Kanzy, un jeune de Gand

‘‘Il nous faut plus de moyens pour l’aide sociale’’

“La mort de Jordy a causé une grande émotion. Les avis sur le sujet ont plu de toutes parts. Mais il était essentiellement question de trouver un coupable. Jordy lui-même? Les accompagnateurs ? Le gouvernement?

‘‘Pour réfléchir sur ce point, il faut d’abord constater un fait général : nous manquons de moyens partout dans la société. Il n’y a pas assez d’argent pour l’enseignement, pour les services de secours, pour les logements sociaux,… Tous ceux qui en ont besoin n’ont donc pas accès à l’aide appropriée.

‘‘Comment Jordy est-il mort de faim? Pourquoi dormait-il sous une tente? La société, c’est-à-dire le gouvernement, a la responsabilité de répondre aux besoins de base tels que la nourriture et un abri. Mais alors que l’argent ne manque jamais pour les grandes entreprises, c’est une autre paire de manche pour les besoins sociaux.

‘‘Il est vrai que les jeunes adultes refusent souvent l’aide. Après être passés par diverses institutions en étant mineurs, beaucoup en ont tout simplement marre. Ces jeunes ont souvent besoin de soins, mais ils refusent d’être entravés dans une structure. L’aide ne doit-elle pas s’adapter à eux plutôt que l’inverse ?
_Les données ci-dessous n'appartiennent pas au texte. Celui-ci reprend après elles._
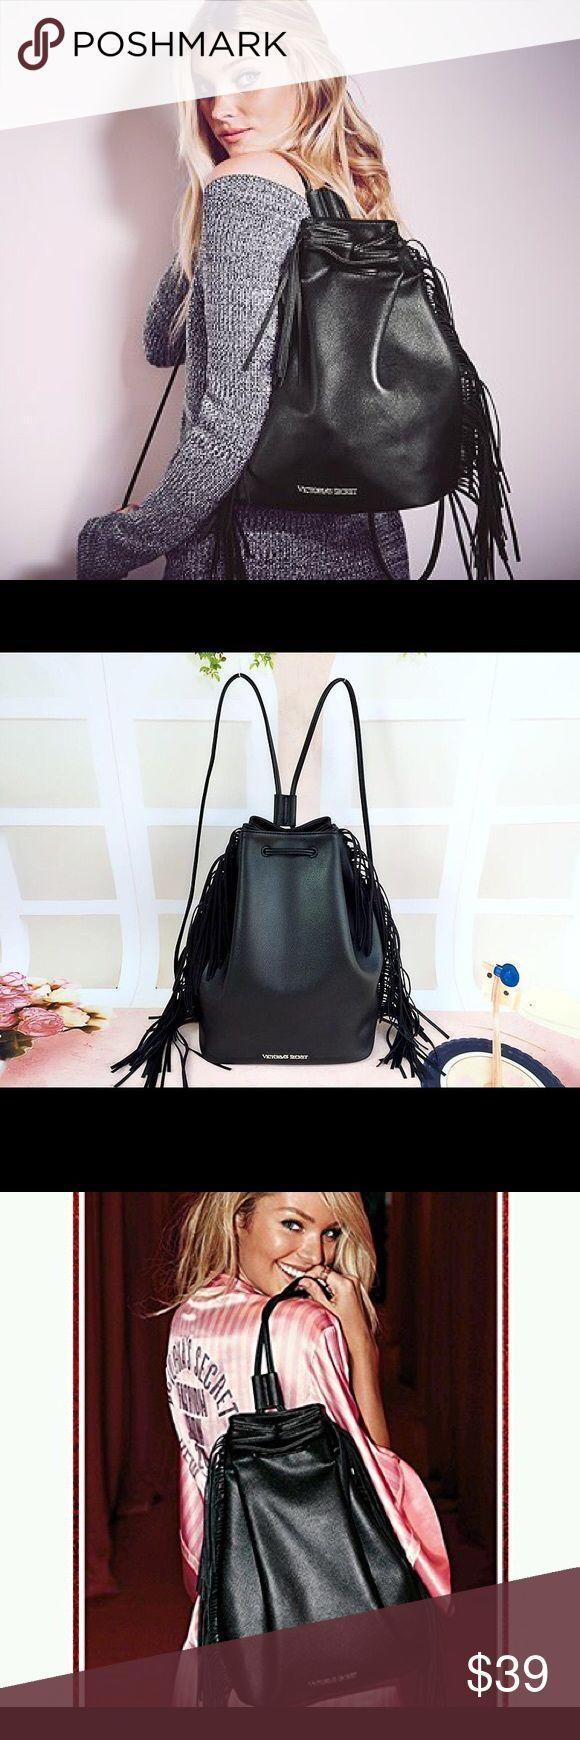 VS Fashion Show Black Fringe Backpack NWT VS Fashion Show Black Fringe Backpack NWT so cute!! Victoria's Secret Bags

‘‘Aujourd’hui, il n’est nulle part question de la transition entre le passage de l’aide à la jeunesse à celle pour adultes. C’est-à-dire que les réflexions ne manquent pas, mais que rien n’est concrétisé. Ces jeunes adultes ont besoin d’un autre type d’aide sociale, plus accessible et moins contraignant. Cette aide doit faire l’effort d’aller vers ces jeunes et non l’inverse. Pourquoi ne pas simplement aller de temps en temps prendre un verre ensemble, les écouter et clairement faire savoir qu’ils ne sont pas seuls ? Pourquoi ne pas créer des endroits où ils peuvent venir jour et nuit? Pourquoi ne pas équiper des appartements où ils pourraient vivre seuls à un loyer abordable ? Cela existe. Mais de manière tellement insuffisante.

‘‘C’est certain, des tonnes de moyens sont nécessaires pour atteindre cet objectif. Pointer l’aide sociale du doigt n’arrangera rien. Les travailleurs sociaux font leur possible avec les moyens qu’ils ont. Le débat sur ce point se limite à la plus grande flexibilité exigée des travailleurs sociaux. Et quand ces derniers entrent en lutte pour plus de moyens, les autorités essayent de les culpabiliser et de les couvrir de honte. C’est injuste. Nous devons lutter pour de meilleurs services publics, pour tout le monde, pour une meilleure assistance sociale à ceux qui en ont besoin, mais aussi pour de bonnes conditions de travail et de salaire pour atteindre cet objectif.’’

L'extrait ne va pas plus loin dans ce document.